**Your task:** From the first line to the last, copy the data exactly and drop the pictures.

Top of Recorded information

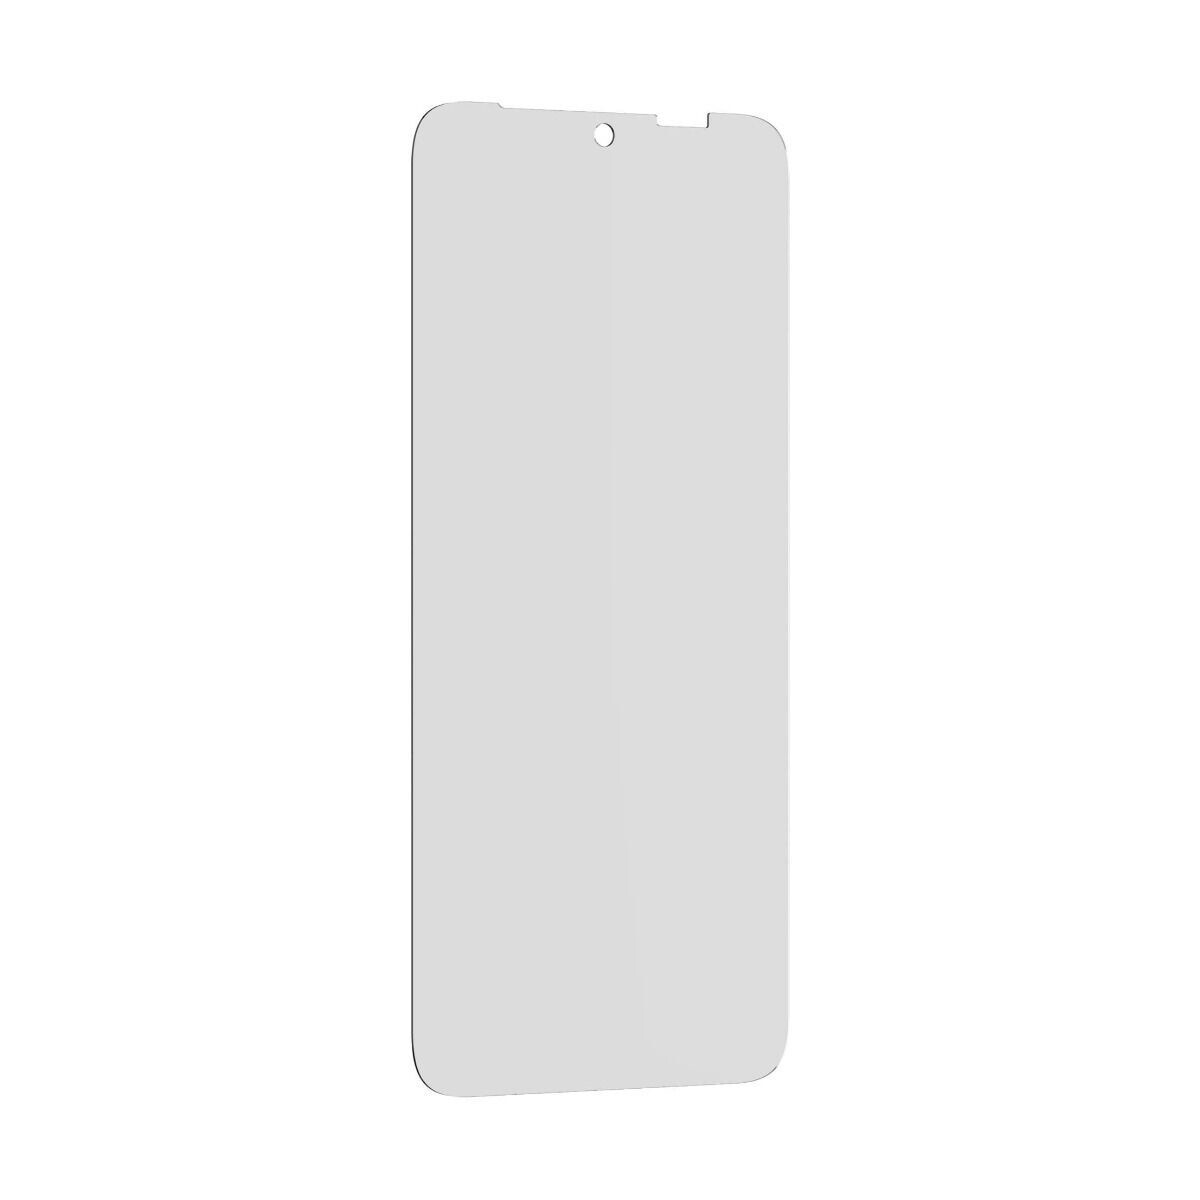 Fairphone F4PRTC-1PF-WW1 - Frameless display privacy filter for Fairphone 4
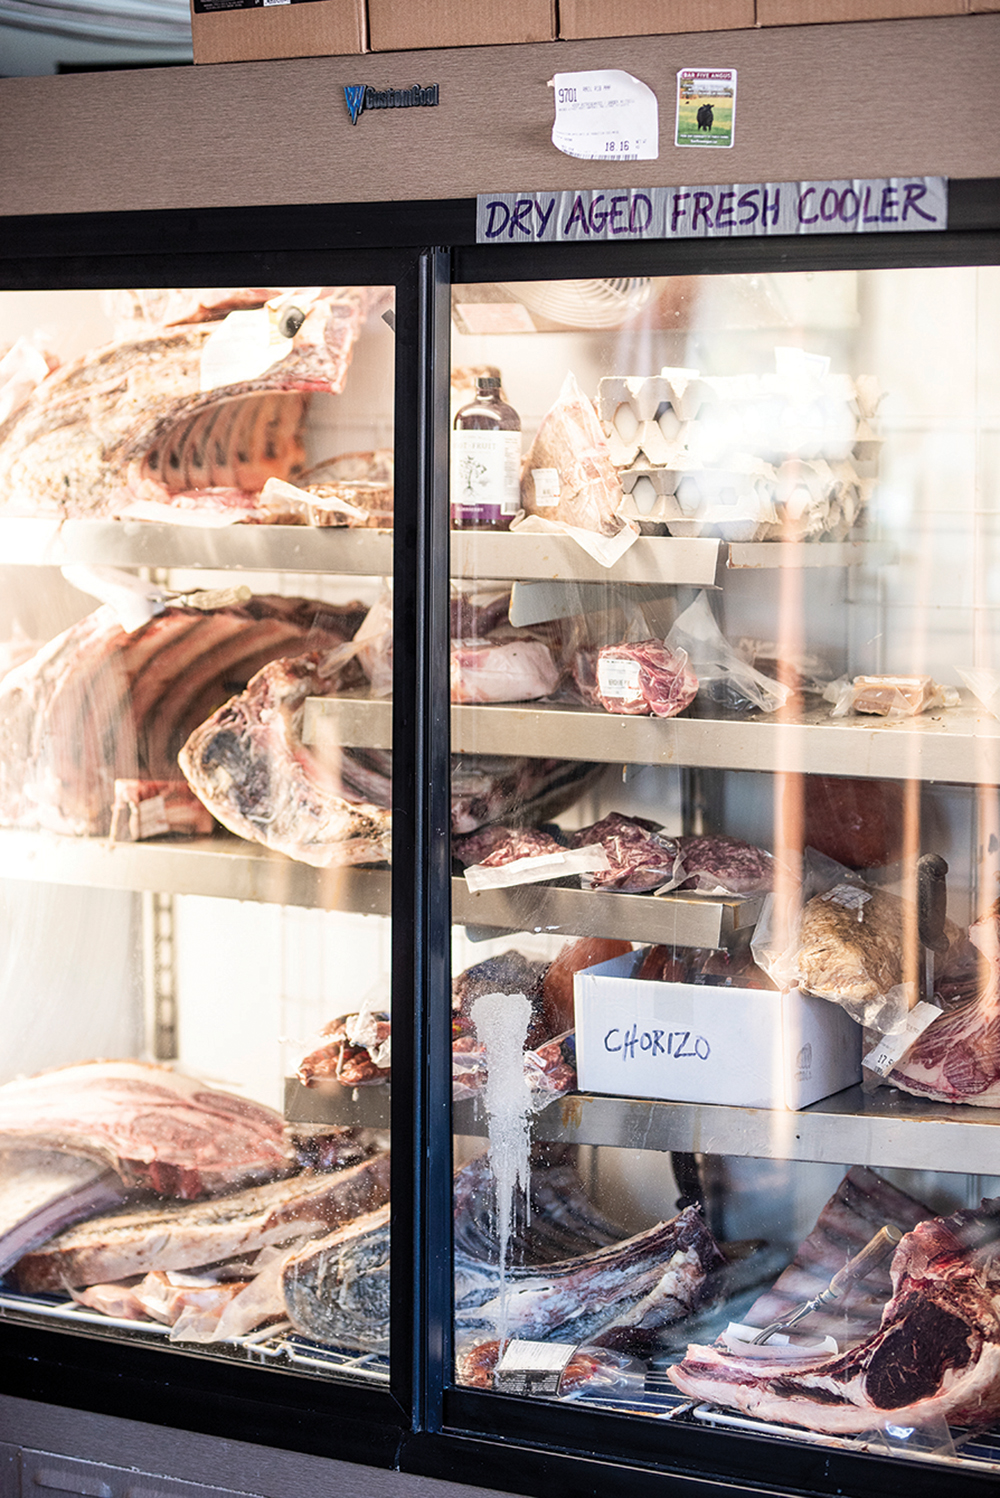 Sean Kelly, owner of Black Angus Fine Meats & Game in Craigleith, cuts meat to order and also offers a variety of frozen meats and prepared foods.
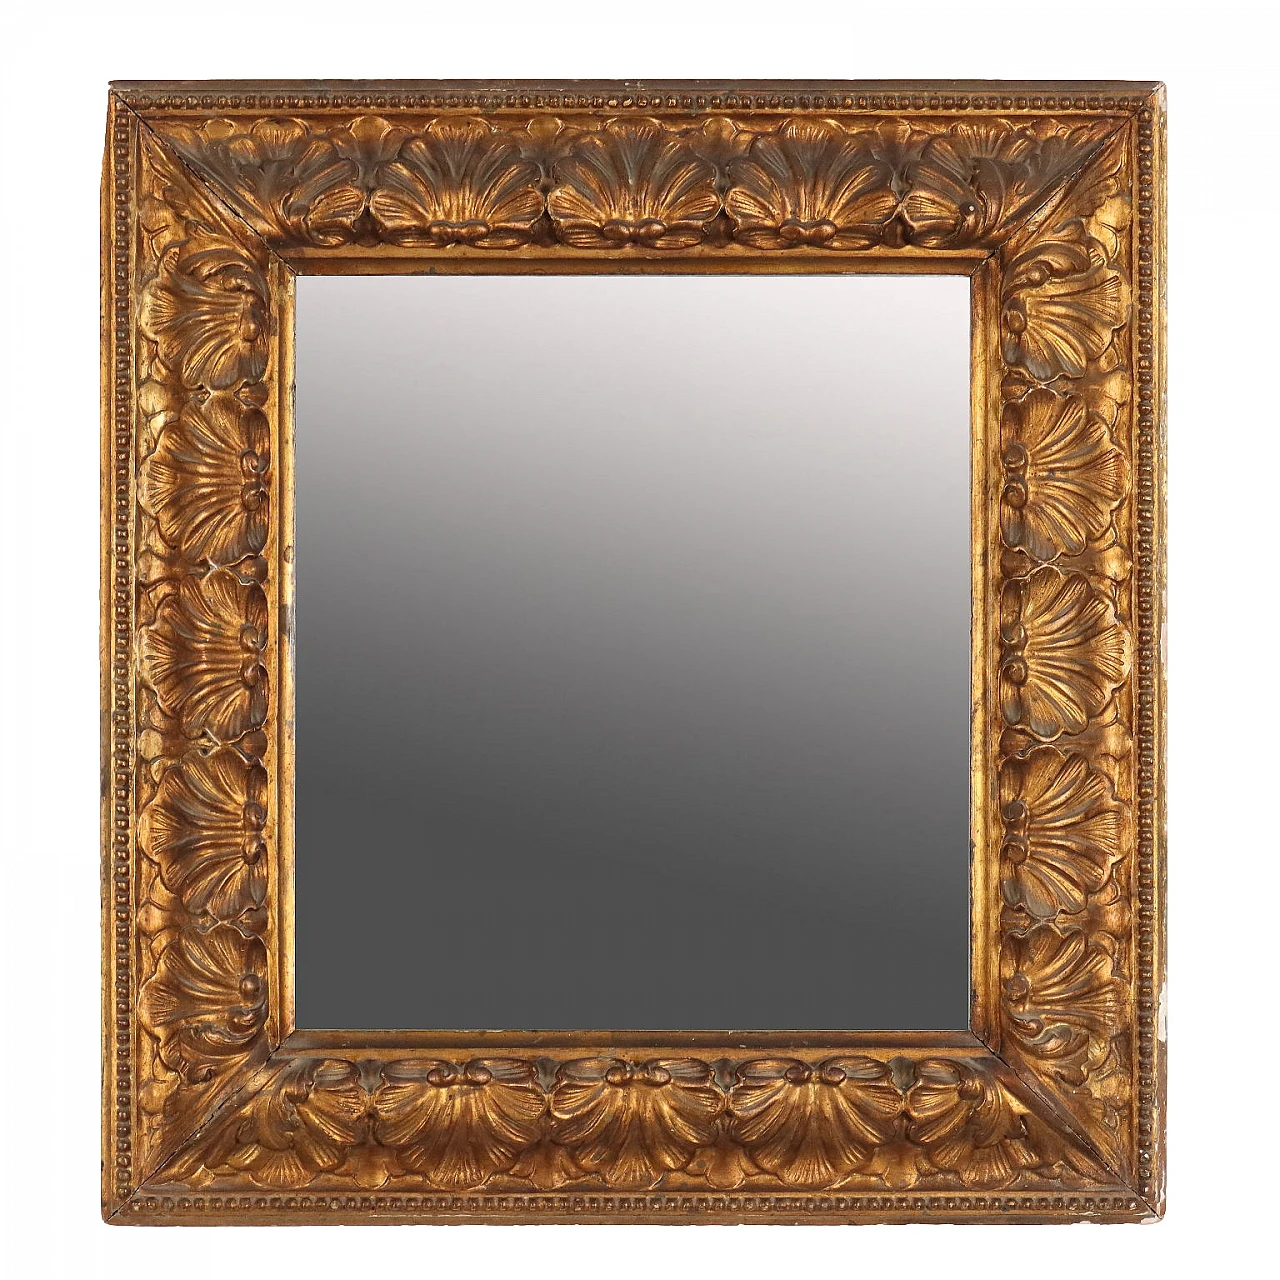 Mirror with gilded wood frame and floral motifs 1

Bottom of Recorded information

**Expected answer:**
 Fairphone F4PRTC-1PF-WW1 - Frameless display privacy filter for Fairphone 4
 Sean Kelly, owner of Black Angus Fine Meats & Game in Craigleith, cuts meat to order and also offers a variety of frozen meats and prepared foods.
 Mirror with gilded wood frame and floral motifs 1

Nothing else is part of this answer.